The user is associated with the same specific Locations and Organization as the cloned Role.
User and Role info
# hammer user info --login my.user
Id: 8le
Login: my.user
Name: My User
Email: my.user@site.au
Admin: no
Last login: 2018/11/02 01:50:22
Authorized by: OUR-LDAP
Effective admin: no
Locale: en
Timezone: Perth
Description:
Default organization:
Default location:
Roles:
Default role
User groups:
1) Usergroup: Right-Adm-Foreman.ENS.Linux.Org.Admins
Roles:
ens_linux-org-admin
Inherited User groups:
Locations:
central_office
dr
Organizations:
Enterprise Servers Linux
Created at: 2018/11/02 01:45:14
Updated at: 2018/11/02 01:45:40
# hammer role info --id 19
Id: 19
Name: ens_linux-org-admin
Builtin: no
Description:
Locations:
central_office
dr
Organizations:
Enterprise Servers Linux
# hammer role filters --id 19
----|------------------------------|--------|------------|-----------|---------------------|---------------------------------------------------------------------------------
ID | RESOURCE TYPE | SEARCH | UNLIMITED? | OVERRIDE? | ROLE | PERMISSIONS
----|------------------------------|--------|------------|-----------|---------------------|---------------------------------------------------------------------------------
240 | Architecture | none | yes | no | ens_linux-org-admin | view_architectures, create_architectures, edit_architectures, destroy_archite...

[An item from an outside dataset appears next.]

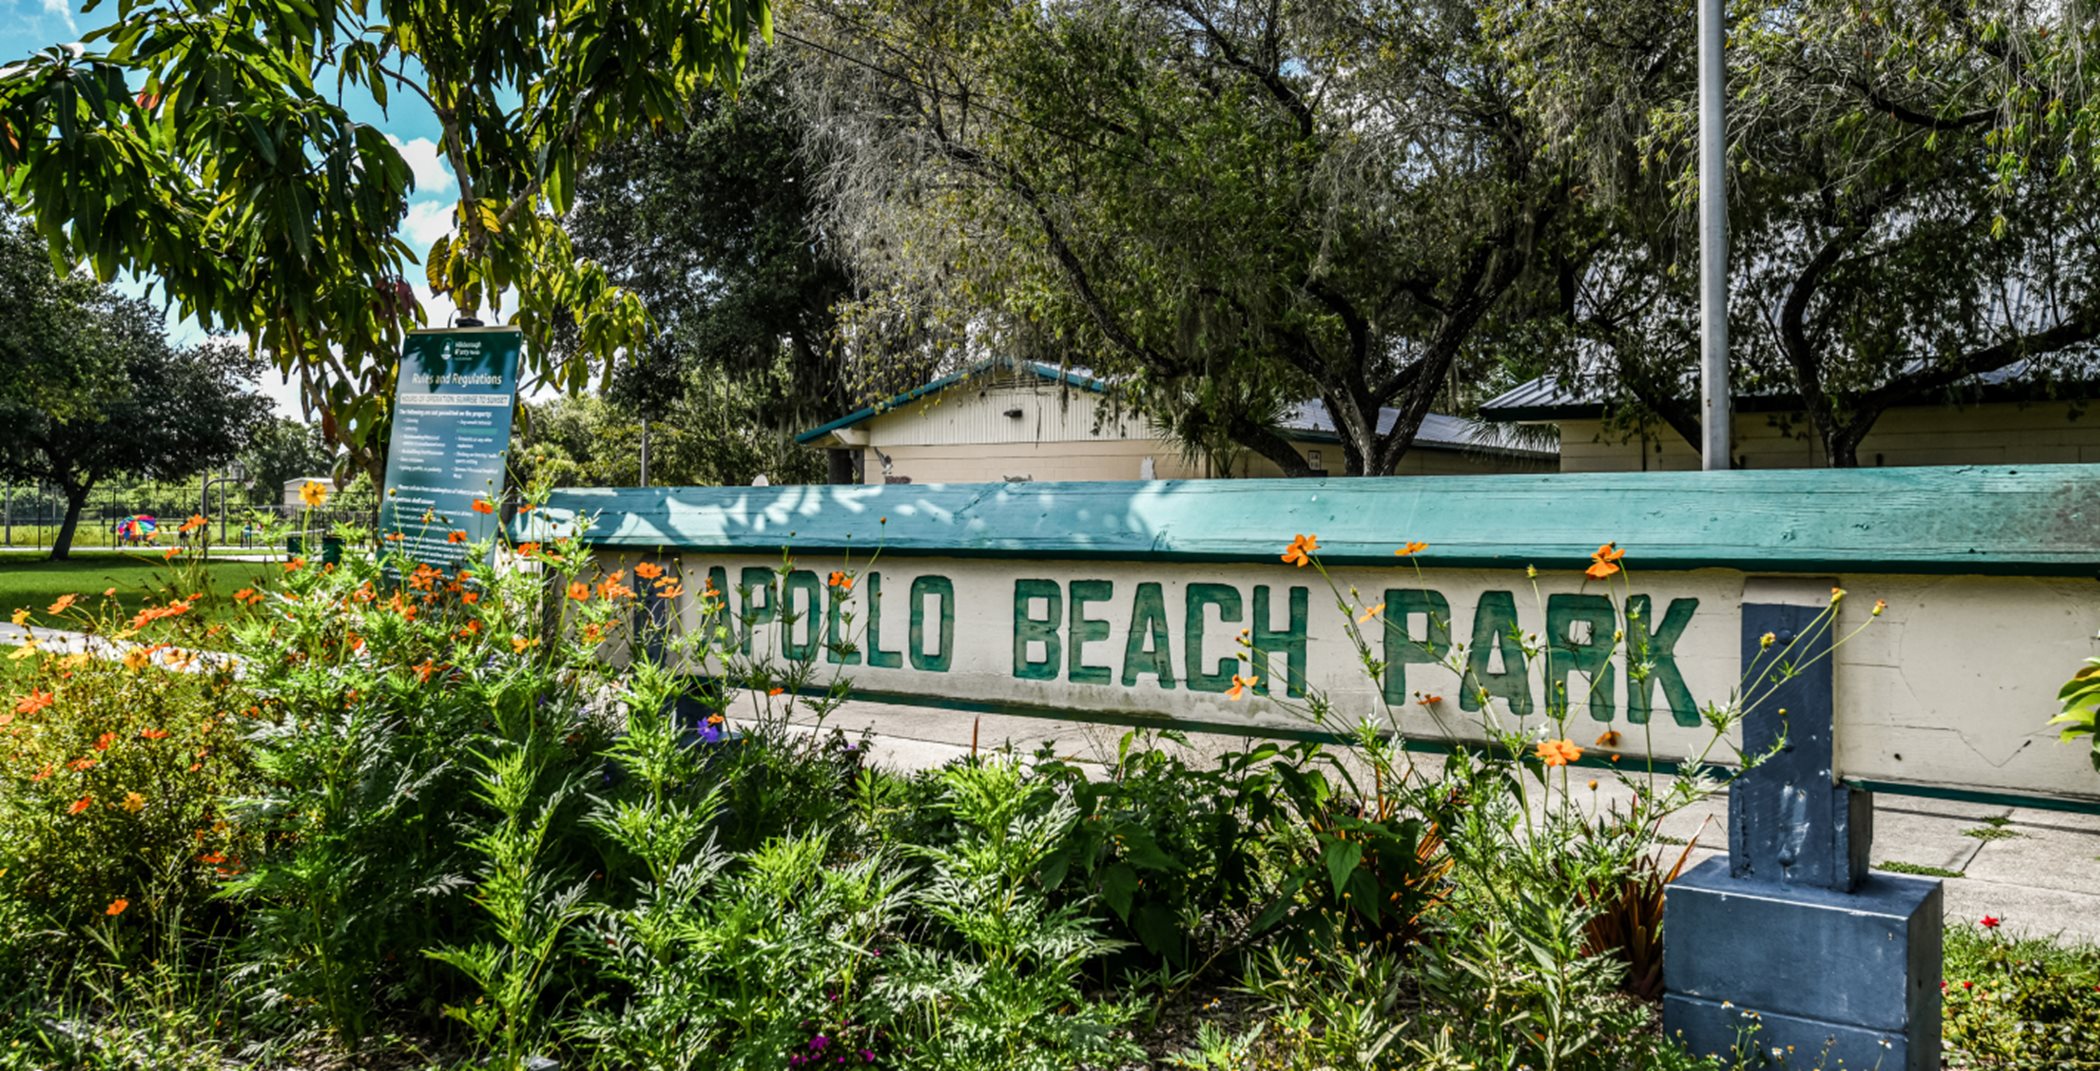 Apollo Beach Park

241 | Audit | none | yes | no | ens_linux-org-admin | view_audit_logs
242 | AuthSourceLdap | none | no | no | ens_linux-org-admin | view_authenticators, create_authenticators, edit_authenticators, destroy_auth...
243 | Bookmark | none | yes | no | ens_linux-org-admin | view_bookmarks, create_bookmarks, edit_bookmarks, destroy_bookmarks
244 | ComputeProfile | none | yes | no | ens_linux-org-admin | view_compute_profiles, create_compute_profiles, edit_compute_profiles, destro...
245 | ComputeResource | none | no | no | ens_linux-org-admin | view_compute_resources, create_compute_resources, edit_compute_resources, des...
246 | ConfigGroup | none | yes | no | ens_linux-org-admin | view_config_groups, create_config_groups, edit_config_groups, destroy_config_...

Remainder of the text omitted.